Arch of Reunification
|Location||Pyongyang, North Korea|
|Width||61.5 metres (202 ft)|
|Height||30 metres (98 ft)|
|Opening date||August 2001|
|Arch of Reunification|
|Revised Romanization||Joguk Tongil Samdae Heonjang Ginyeomtap|
|McCune–Reischauer||Choguk T'ongil Samtae Hŏnjang Kinyŏmt'ap|
The Arch of Reunification, officially the Monument to the Three-Point Charter for National Reunification, is a sculptural arch located south of Pyongyang, the capital of North Korea. It was opened in August 2001 to commemorate Korean reunification proposals put forward by Kim Il-sung.

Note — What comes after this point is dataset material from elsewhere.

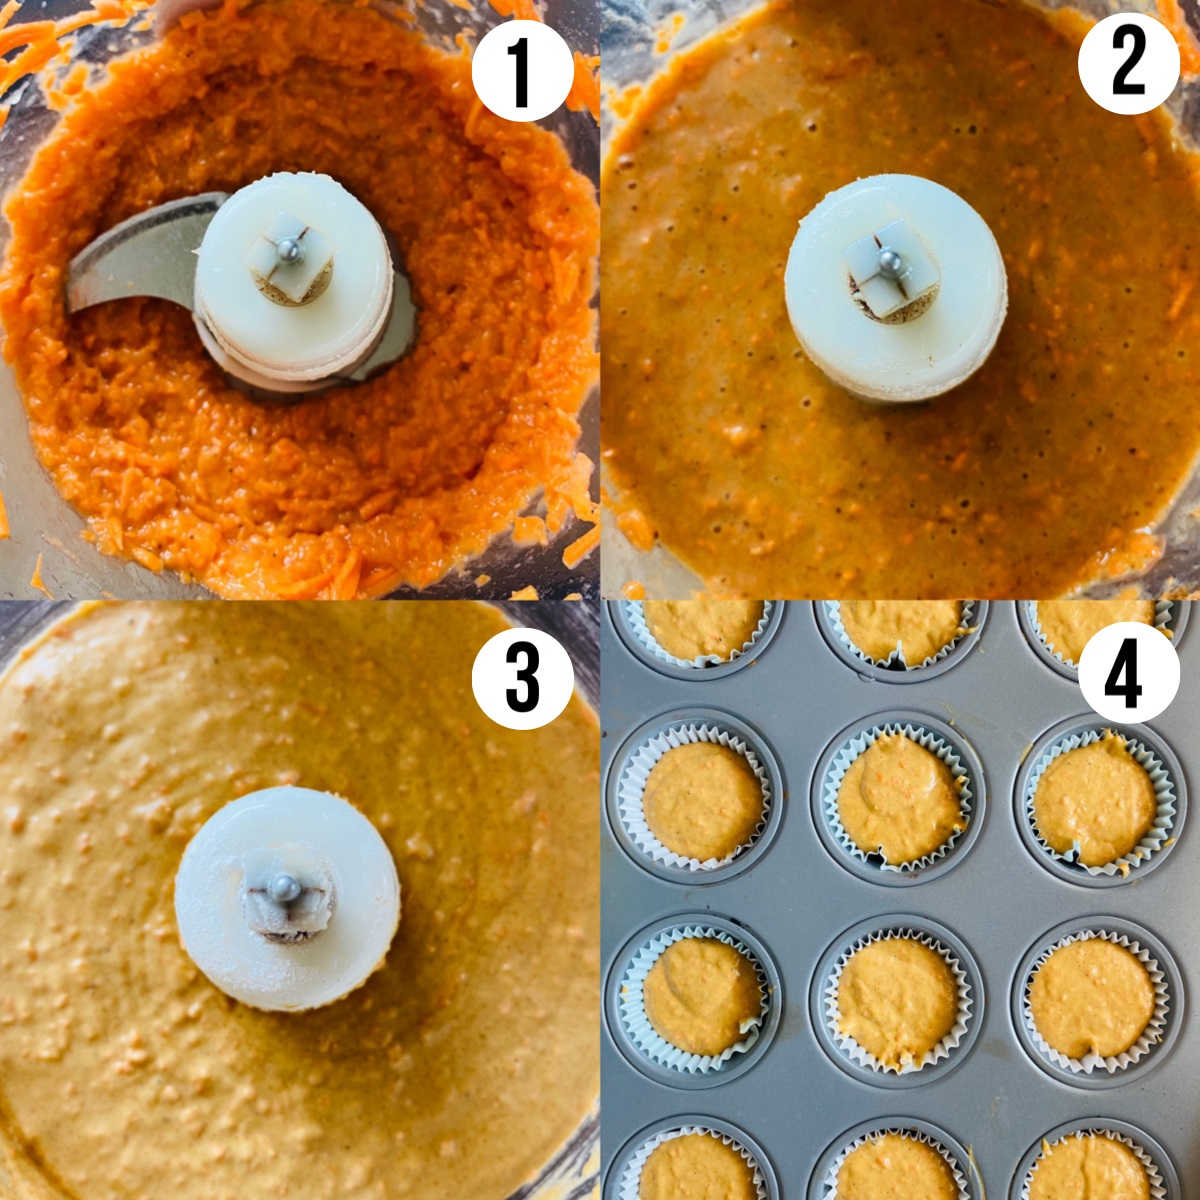 banana carrot muffins process shots 1-4

The concrete arch straddles the multi-laned Reunification Highway leading from Pyongyang to the DMZ. It consists of two Korean women in traditional dress (Chosŏn-ot), symbolizing the North and the South, leaning forward to jointly uphold a sphere bearing a map of a reunified Korea. The sphere is the emblem of the Three Charters; the Three Principles of National Reunification; the Plan of Establishing the Democratic Federal Republic of Korea and the Ten Point Program of the Great Unity of the Whole Nation. The original plan was to have a 55-metre pillar with three branches to represent Koreans in the north, the south, and overseas.
The plinth of the structure is engraved with messages of support for reunification and peace from various individuals, organizations, and nations.
The arch appeared on a postage stamp in 2002.